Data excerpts

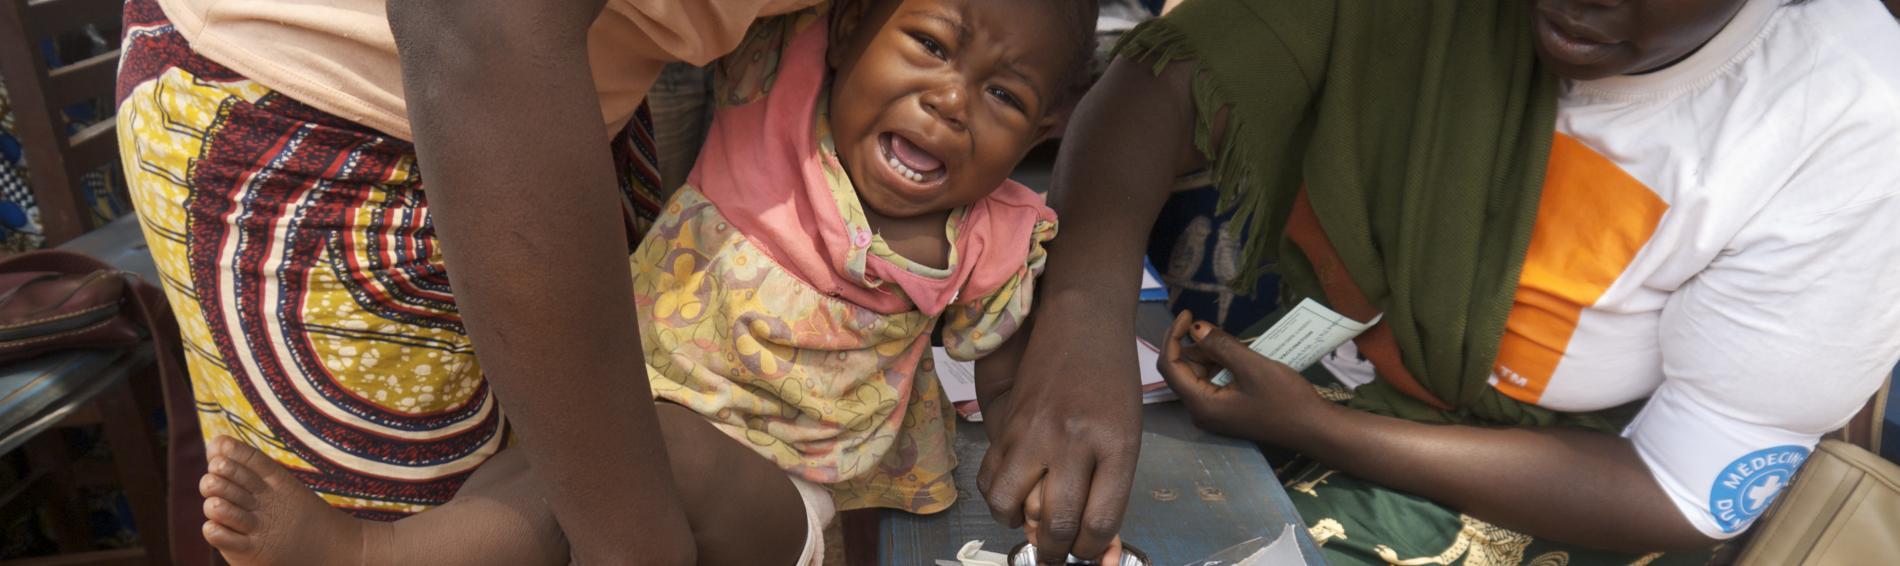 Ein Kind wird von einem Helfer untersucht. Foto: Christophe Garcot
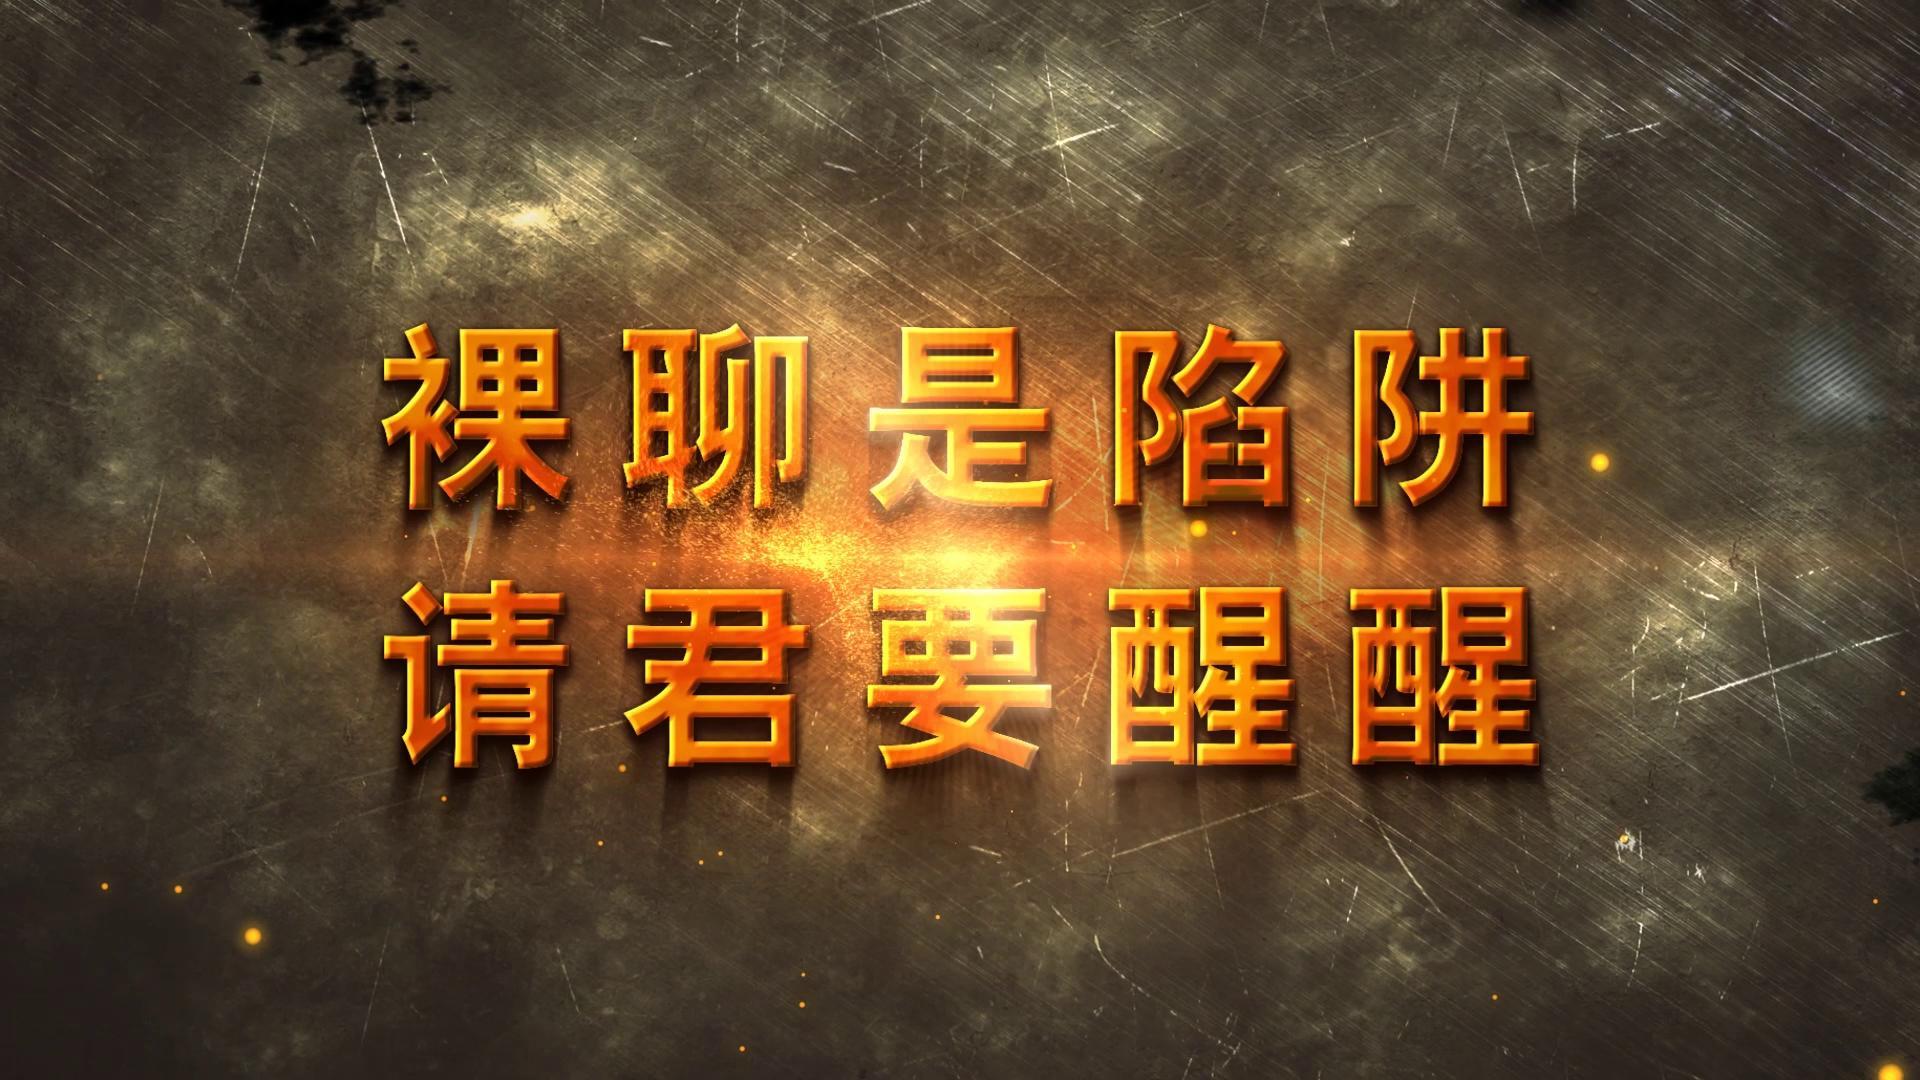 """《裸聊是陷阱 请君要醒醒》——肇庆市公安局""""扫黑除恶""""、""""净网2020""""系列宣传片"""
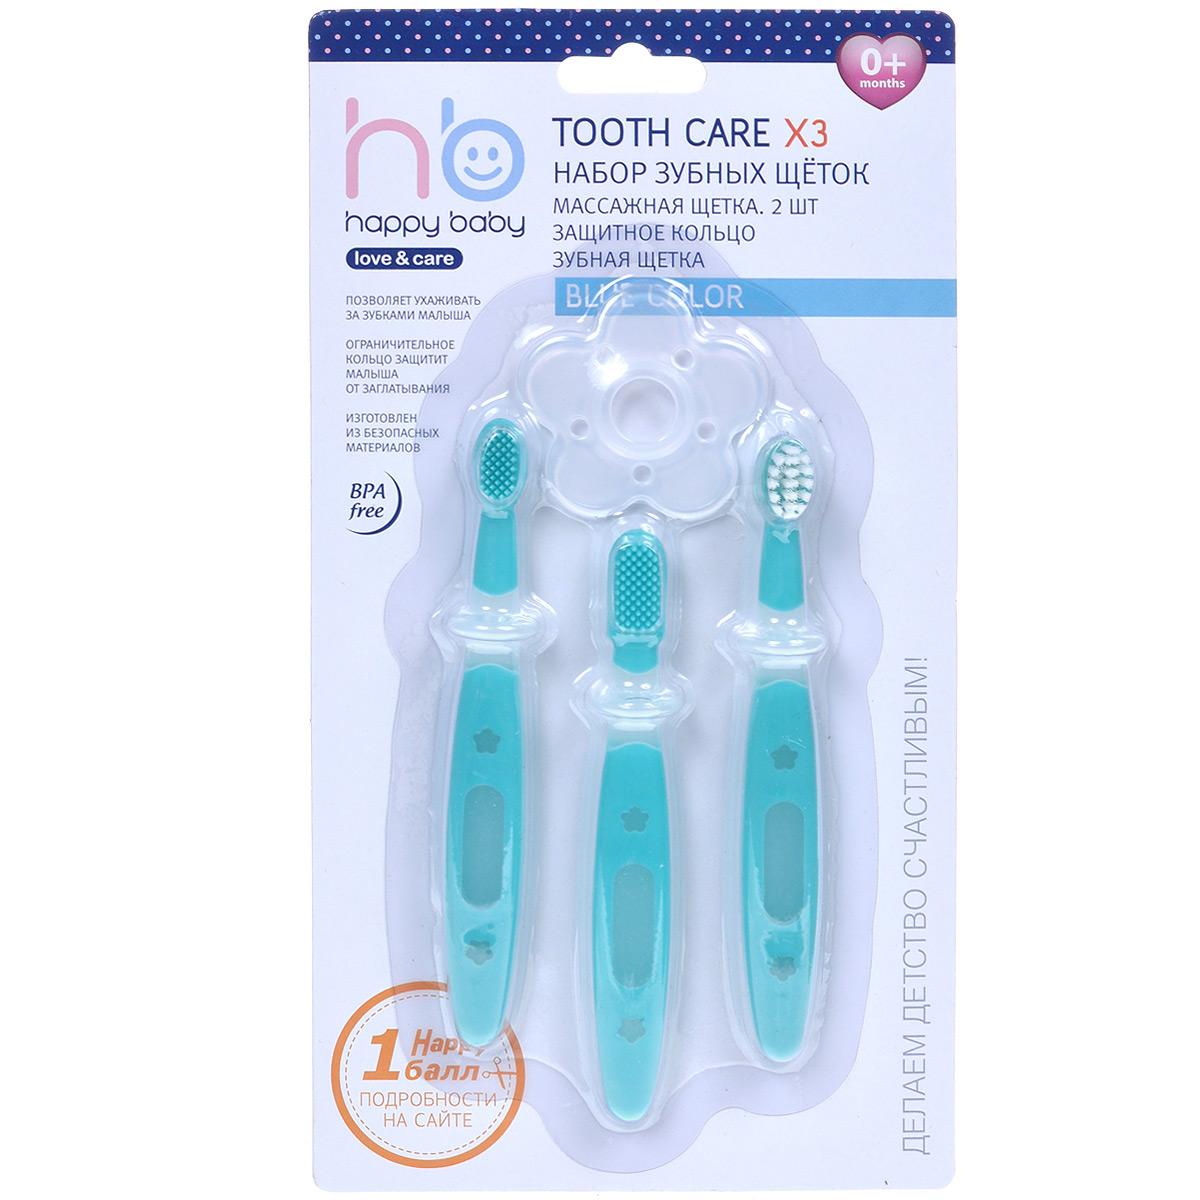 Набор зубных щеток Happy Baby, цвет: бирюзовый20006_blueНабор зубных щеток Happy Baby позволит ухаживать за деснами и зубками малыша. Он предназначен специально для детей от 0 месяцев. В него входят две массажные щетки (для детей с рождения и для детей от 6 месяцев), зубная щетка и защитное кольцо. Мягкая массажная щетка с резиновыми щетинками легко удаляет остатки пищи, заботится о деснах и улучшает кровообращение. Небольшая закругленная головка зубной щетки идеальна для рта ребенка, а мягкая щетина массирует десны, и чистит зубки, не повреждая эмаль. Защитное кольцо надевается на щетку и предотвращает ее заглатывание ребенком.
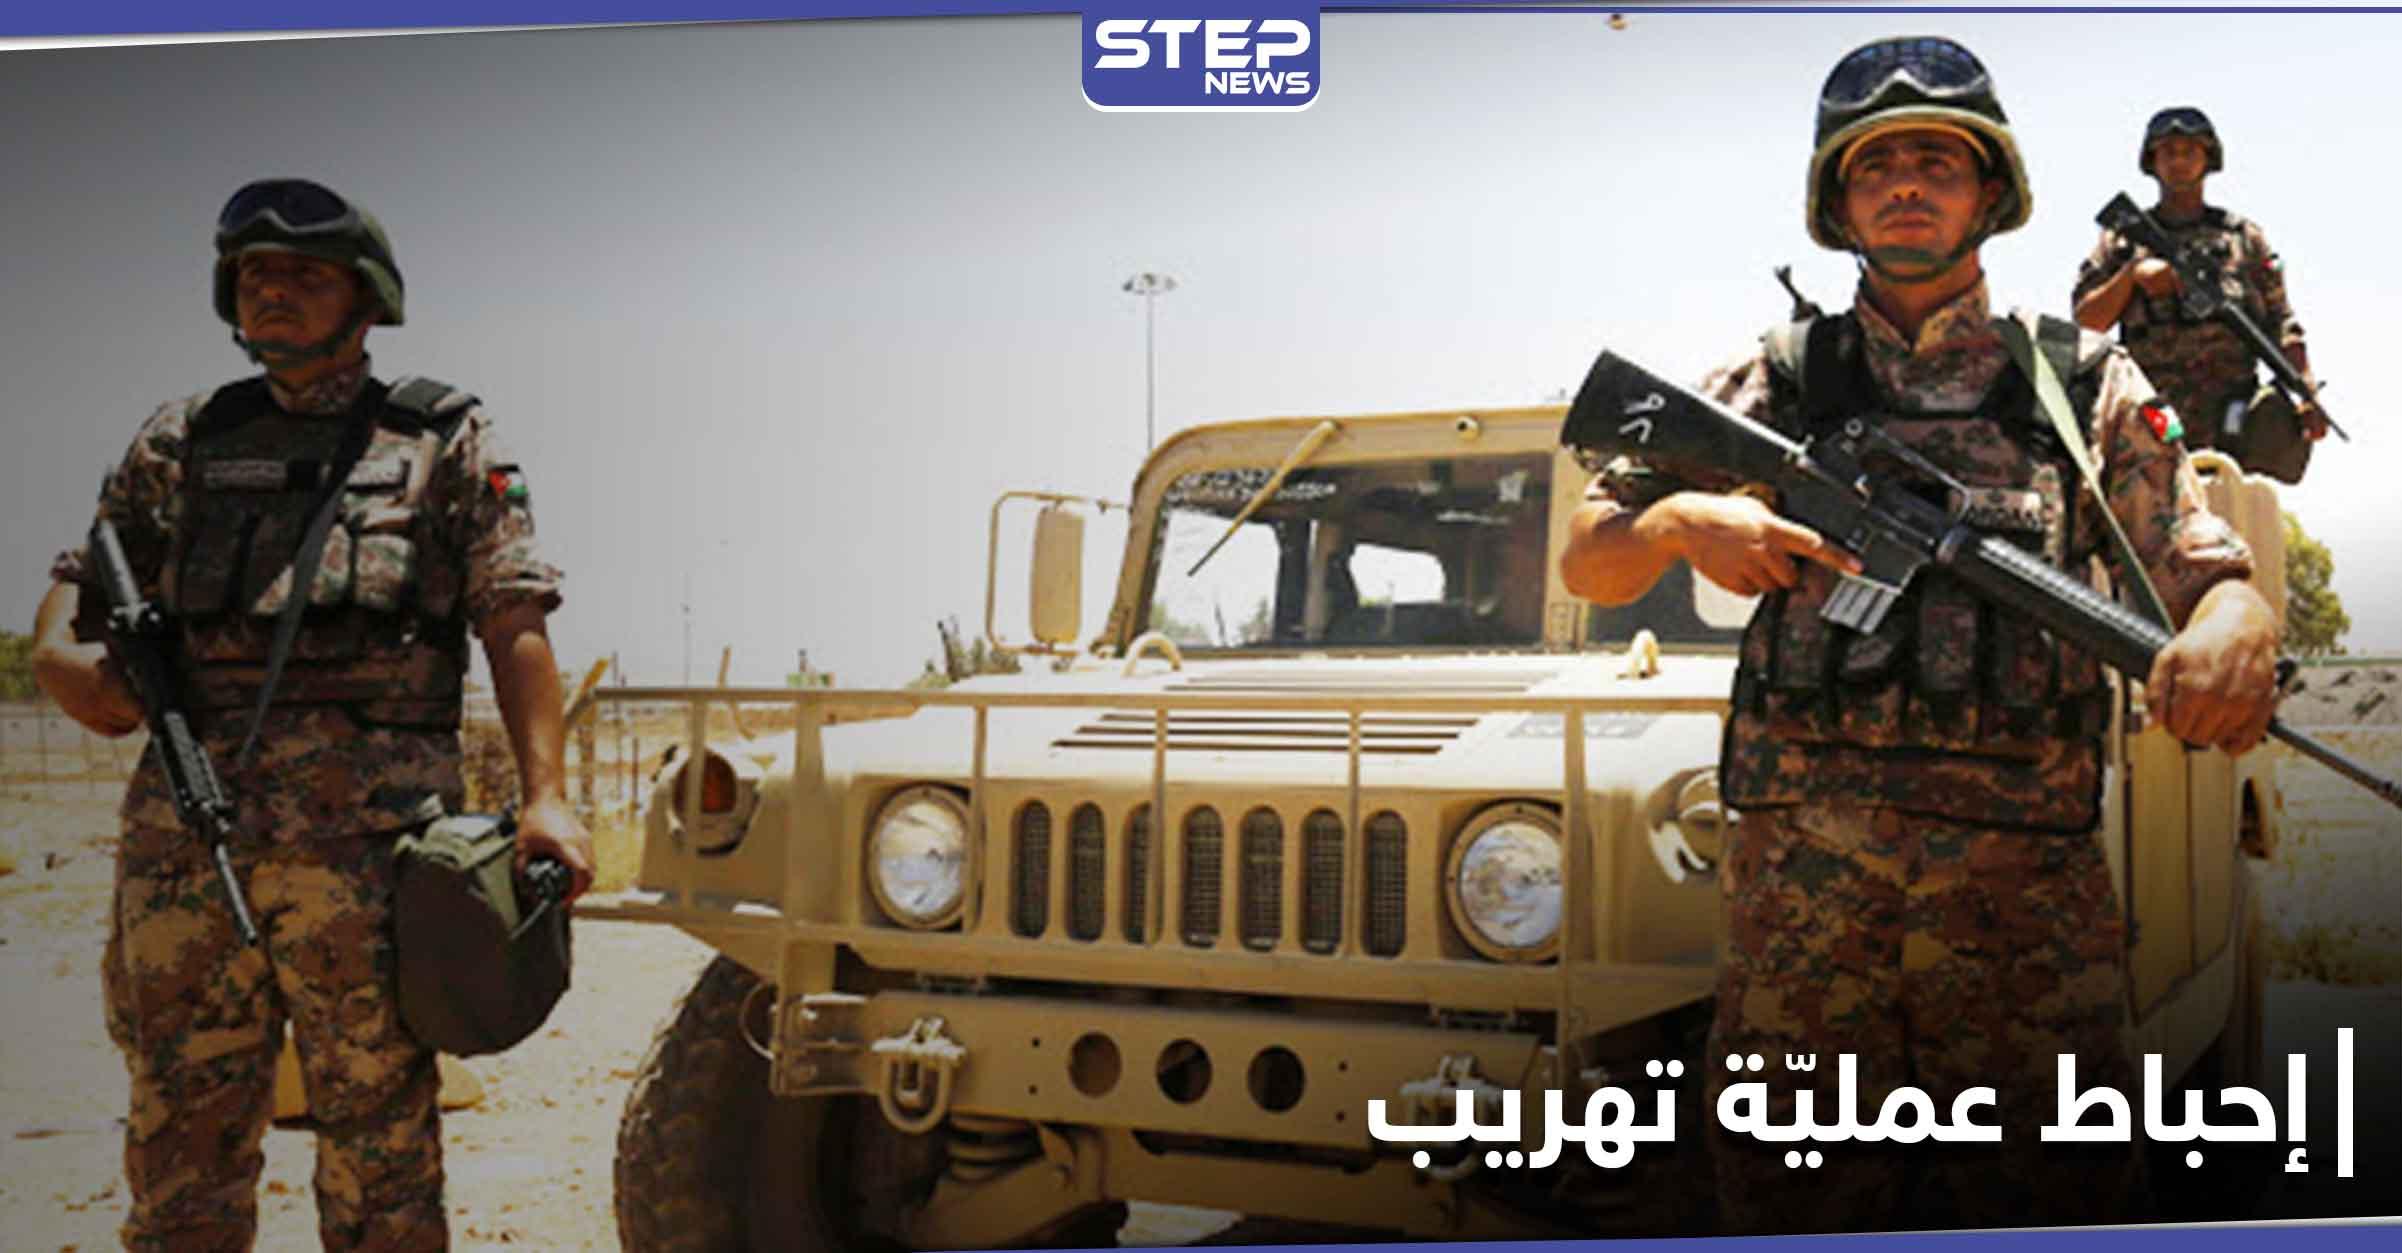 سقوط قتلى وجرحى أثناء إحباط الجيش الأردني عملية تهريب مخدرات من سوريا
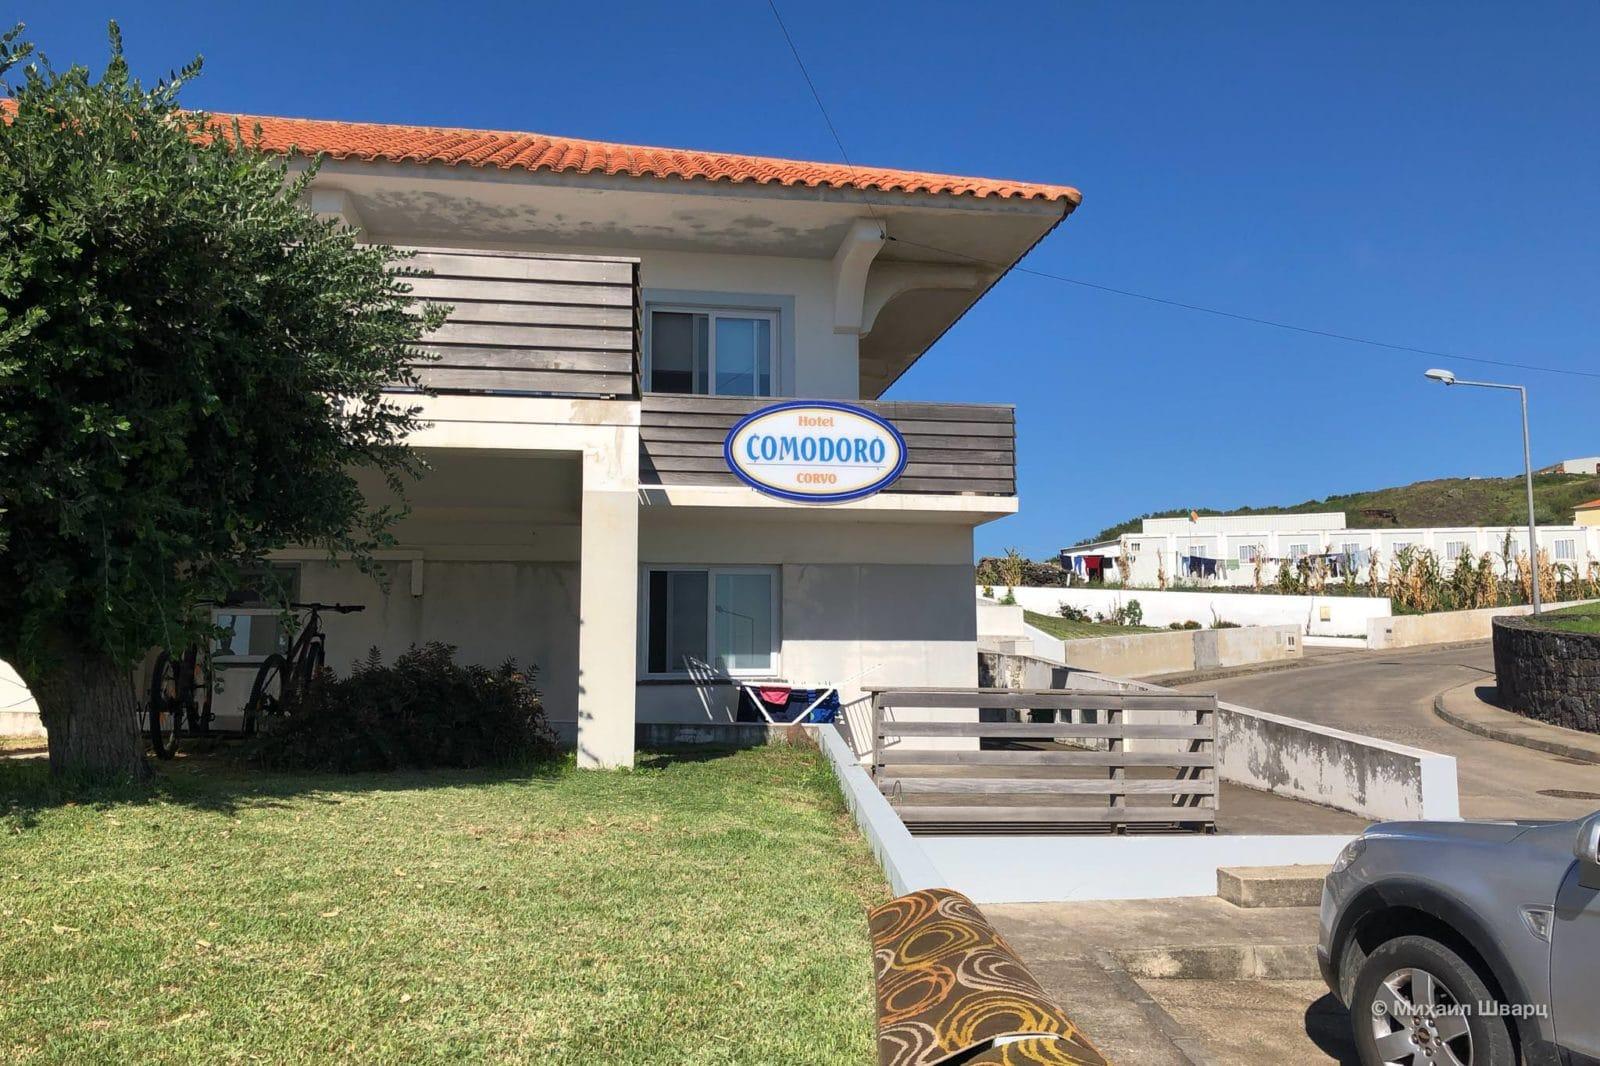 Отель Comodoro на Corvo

WHAT THE TASK REQUIRES: Please copy the preceding records exactly and omit the images.

EXERCISE RESULT:
 Ein Kind wird von einem Helfer untersucht. Foto: Christophe Garcot
 """《裸聊是陷阱 请君要醒醒》——肇庆市公安局""""扫黑除恶""""、""""净网2020""""系列宣传片"""
 Набор зубных щеток Happy Baby, цвет: бирюзовый20006_blueНабор зубных щеток Happy Baby позволит ухаживать за деснами и зубками малыша. Он предназначен специально для детей от 0 месяцев. В него входят две массажные щетки (для детей с рождения и для детей от 6 месяцев), зубная щетка и защитное кольцо. Мягкая массажная щетка с резиновыми щетинками легко удаляет остатки пищи, заботится о деснах и улучшает кровообращение. Небольшая закругленная головка зубной щетки идеальна для рта ребенка, а мягкая щетина массирует десны, и чистит зубки, не повреждая эмаль. Защитное кольцо надевается на щетку и предотвращает ее заглатывание ребенком.
 سقوط قتلى وجرحى أثناء إحباط الجيش الأردني عملية تهريب مخدرات من سوريا
 Отель Comodoro на Corvo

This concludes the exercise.